Let's circle back — why is this called a gamma squeeze? Because it's caused by the delta increase in the ATM options, which causes market makers to increase their purchases to preserve their delta hedge. The rate at which delta increases as the price rises is given by gamma, the derivative of gamma with regard to price. (Note that gamma is not itself a constant but a function!)
How much of the squeeze vas due to shorts being squeezed vs gamma?
It's hard to say, and I don't know. Obviously the whole thing was started as a short squeeze, and then gamma amplified the movement.
There was also a ton of capital that piled on once the GME price anomaly caught everyone's attention. More on this in a bit.
Why is it so hard to say? Let's take the short part of the equation. Large enough funds have to report positions (including shorts) to the SEC, but such fillings are only made quarterly. The short ratio for a stock (the percentage of outstanding shares that have been sold short) is published by the exchange at the end of each month. The end result is that on any given day, we don't really know the short situation in a volatile environment.
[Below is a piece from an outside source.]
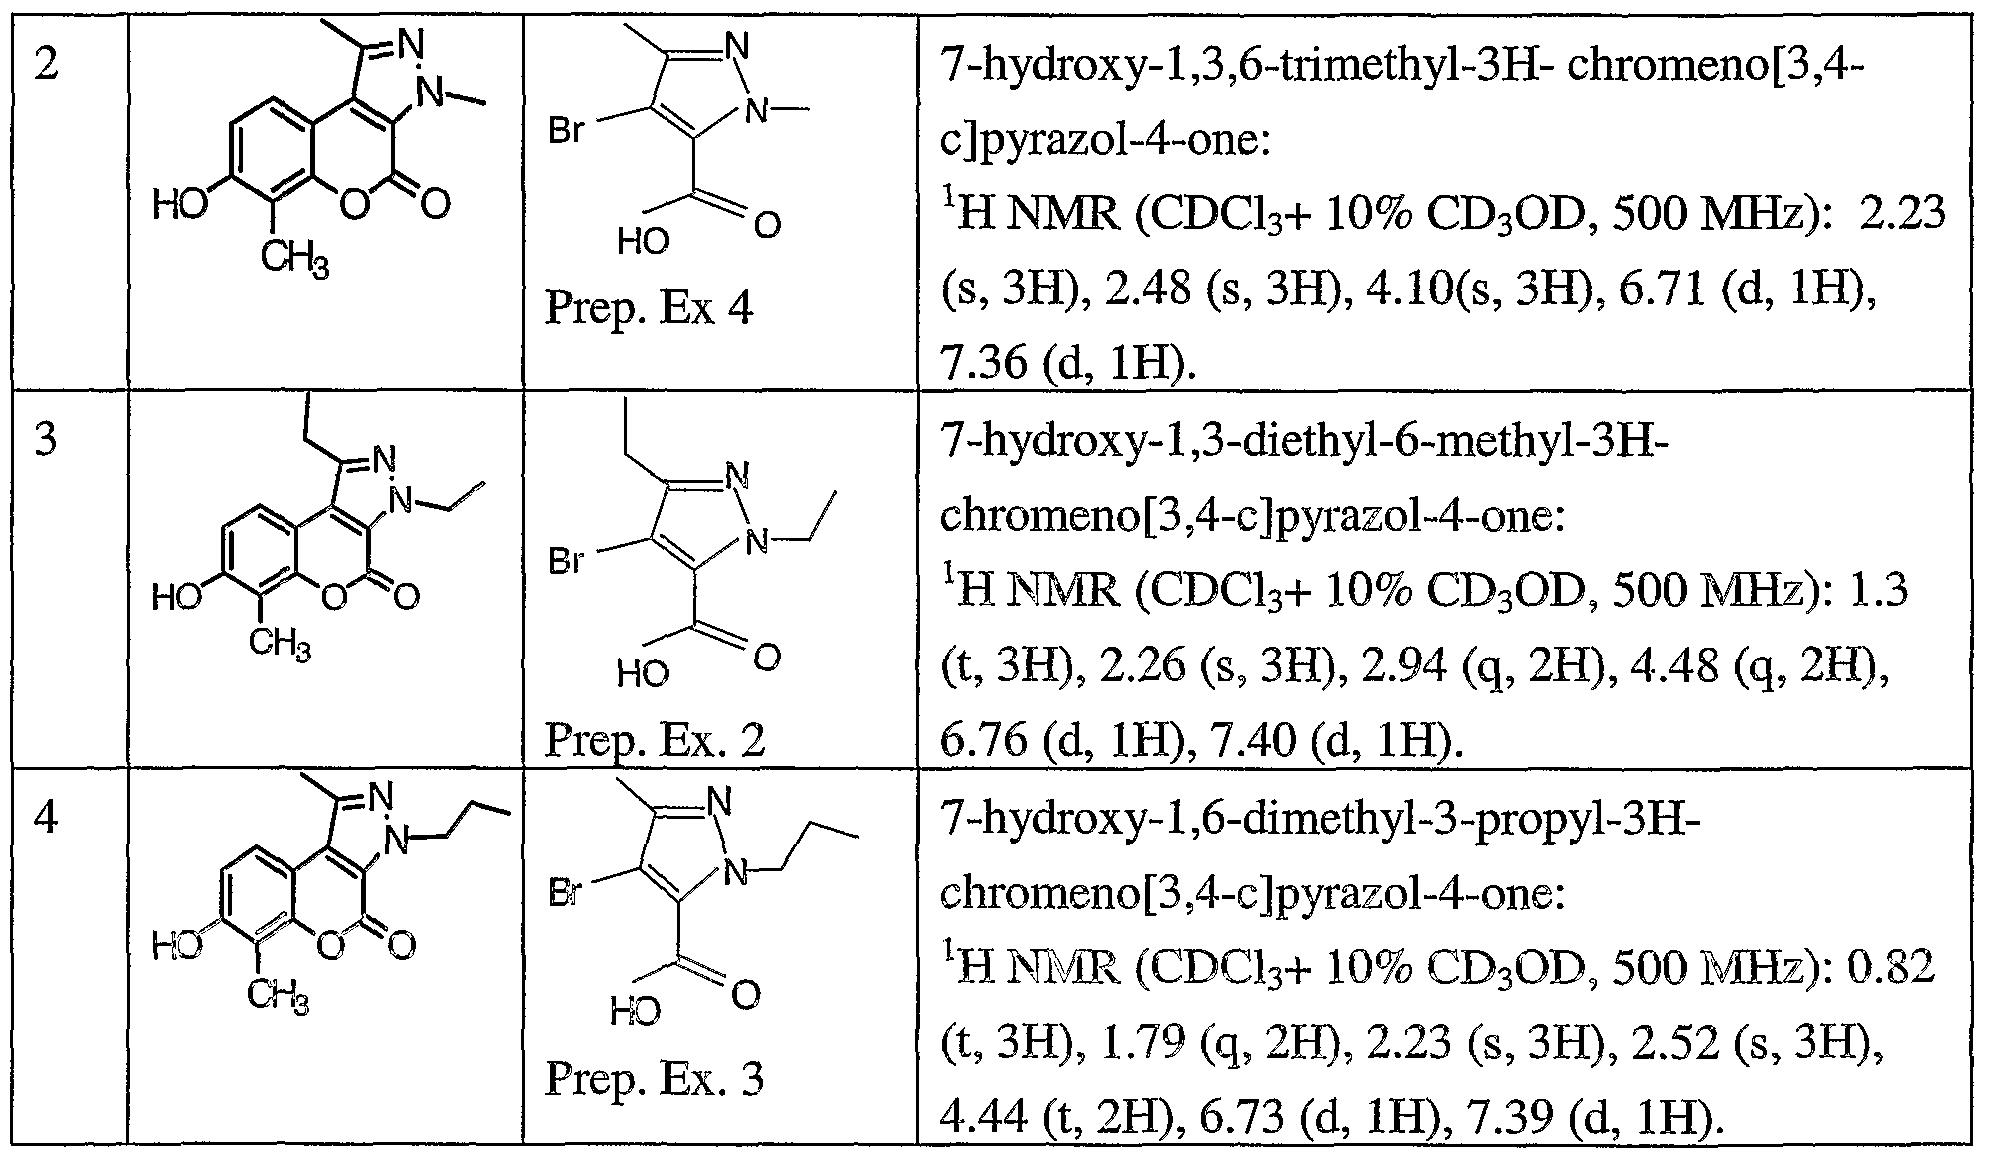 estrogen receptor ligand binding assay

Even if we had daily numbers, we still would be ignorant of the short turnover. For instance, a constant short ratio might mean that new short sales were made as prevous short positions were covered.
On the gamma side of things, we have more information, but only slightly. For each contract, we know the "open interest", which is the number of open contracts at the end of the previous day. We also know the number of transactions involving the contract made so far during the current day. So we could in theory scrape that data, assume that the counterparty for every call purchased was a market maker (an approximation which I believe to be close enough to the truth) and come up with a guesstimate of how much buying resulted from hedging the positions. There is a lot of imprecision and unknowns there, and buy volume does not give you, by itself, price impact.
A Retail Frenzy?
The widely reported narrative was that GME was mostly traded by retail traders (normal people, not institutions). This was certainly true at first. Retail involvement caused the stock to rise, which in turns caused the short and gamma squeezes.
However, once the event made headlines, a lot of people poured in — both retail and institutional. But institutions (hedge funds, quant shops, etc) have a lot more money.
The fact that retail traders didn't drive all the momentum is easy to see when you realize that after many brokers, including Robinhood, temporary banned or severely limited trading on the stock, there was still high volumes of trading occuring. Interestingly, it seems like retail traders, on aggregate, sold as much as they bought on the week of 25 Jan.
I won't say more about this, because Matt Levine did so better than I could in his Money Stuff column, including supporting evidence for the points I make above.
That's it folks!
In conclusion, gamble invest responsibly, and don't believe
everything you're told. Do your own research!